Davalılar, davacının dayandığı senedin, kooperatif yöneticileri ... ve ...’ın zimmet açıklarını kapatmak için imzaladıkları hatır senedi olduğunu, senetteki imzanın kendilerine ait olduğunu, bu senetler karşılığında herhangi bir para veya mal almadıklarını savunarak, davanın reddini istemişlerdir.
Mahkemece, uyulmasına karar verilen bozma ilamı ve dosya kapsamına göre, takibin 15.02.2002 tanzim ve 30.09.2002 vade tarihli borç senedine dayandığı, asıl alacak ve işlemiş faizin hesap edildiği, bina bağış oranı takipte belirtilmediği için hesaplamada bu kalemin dikkate alınmadığı, her ne kadar davalılar imzalarını ikrar etmiş oldukları senet karşılığında herhangi bir mal veya para almadıklarını, takibe konu senedin hatır için düzenlenmiş olduğunu savunmuşlarsa da, bu şekildeki muvazaa iddiası ve davacının dayanağı senet karşısında HUMK"nun 290. maddesi gereği yazılı delil gösterilmesi zorunlu olduğundan ayrıca davalılar ile dava dışı kooperatif çalışanları arasındaki muvazaa sözleşmesinin davacıya karşı ileri sürülmesi mümkün olmadığından bu yazılı senet karşılığında davalıların savunmalarına itibar edilmediği gerekçesiyle davanın kısmen kabulü ile 2.227,50 TL asıl alacak ve 7.053,07 TL işlemiş faiz olmak üzere toplam 9.280,57 TL üzerinden takibin devamına, 3.712,22 TL inkâr tazminatının davalılardan tahsiline karar verilmiştir.

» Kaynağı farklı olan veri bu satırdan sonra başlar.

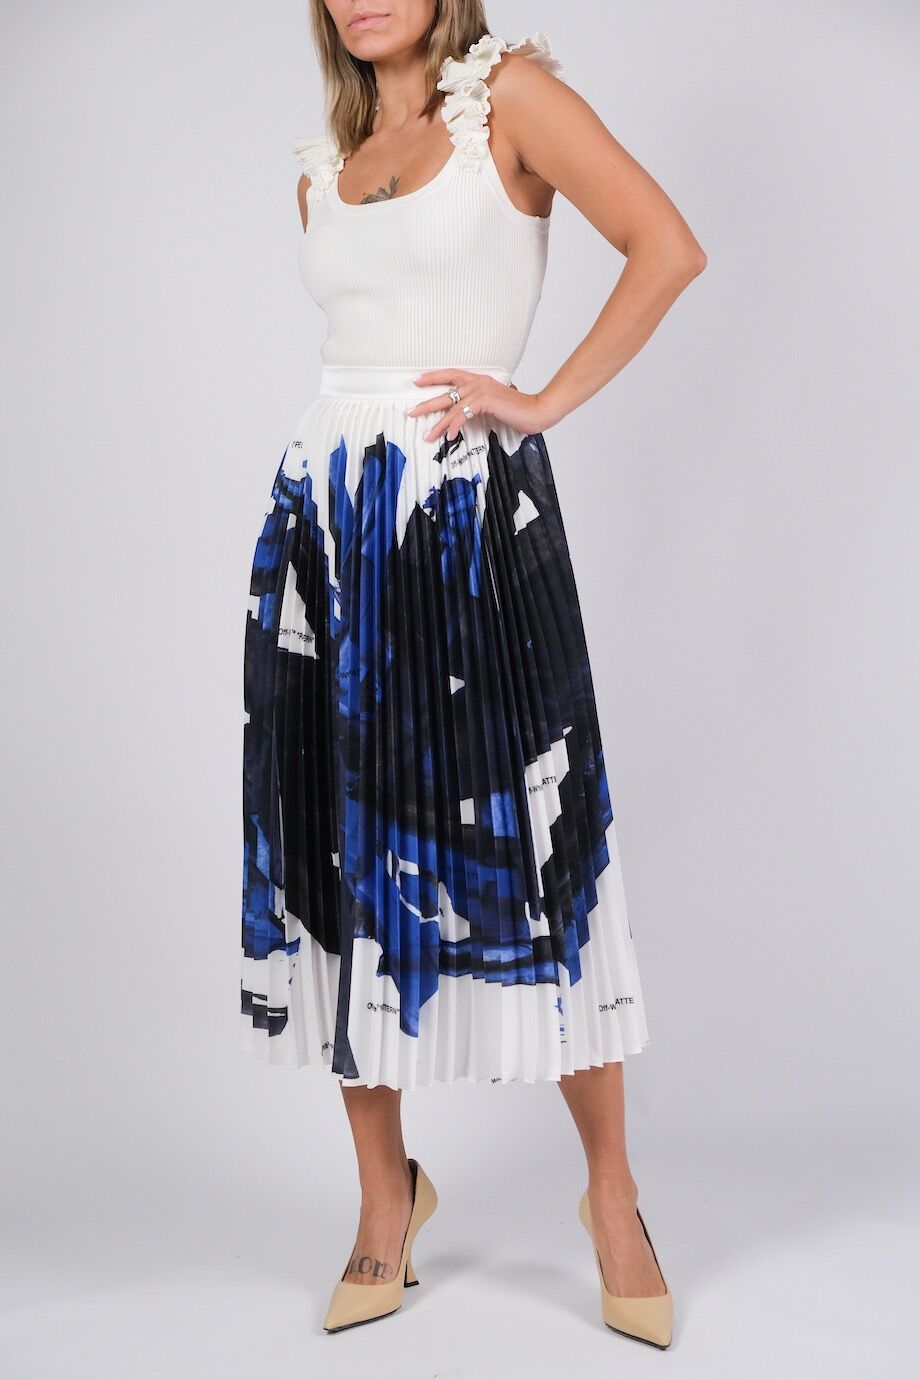 image 1 Шелковая юбка плиссе сине-белой расцветки с надписями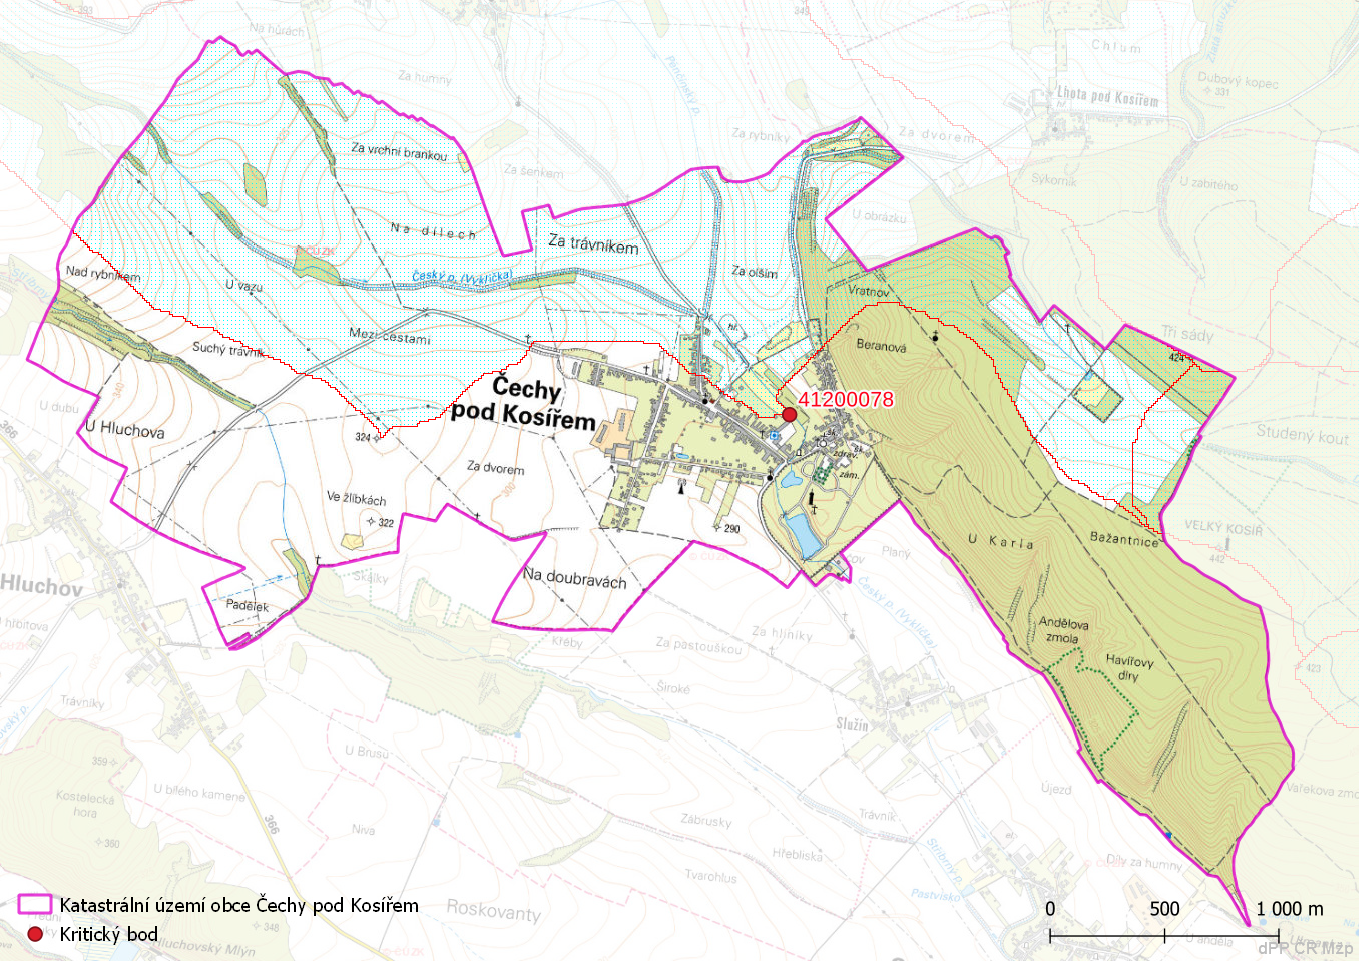 Zhodnocení vzniku přívalových povodní na území obce Čechy pod Kosířem metodou kritických bodů

Kararı, davalılar temyiz etmiştir.
Dosyadaki yazılara, mahkemece uyulan bozma kararı gereğince hüküm verilmiş olmasına ve bozmanın kapsamı dışında kesinleşmiş olan yönlere ilişkin temyiz itirazları incelenemeyeceğine göre, davalıların tüm temyiz itirazları yerinde değildir.
SONUÇ: Yukarıda açıklanan nedenlerle, davalıların tüm temyiz itirazlarının reddiyle usul ve kanuna uygun bulunan hükmün ONANMASINA, aşağıda yazılı onama harcının temyiz edenden alınmasına, 04.10.2011 gününde oybirliğiyle karar verildi.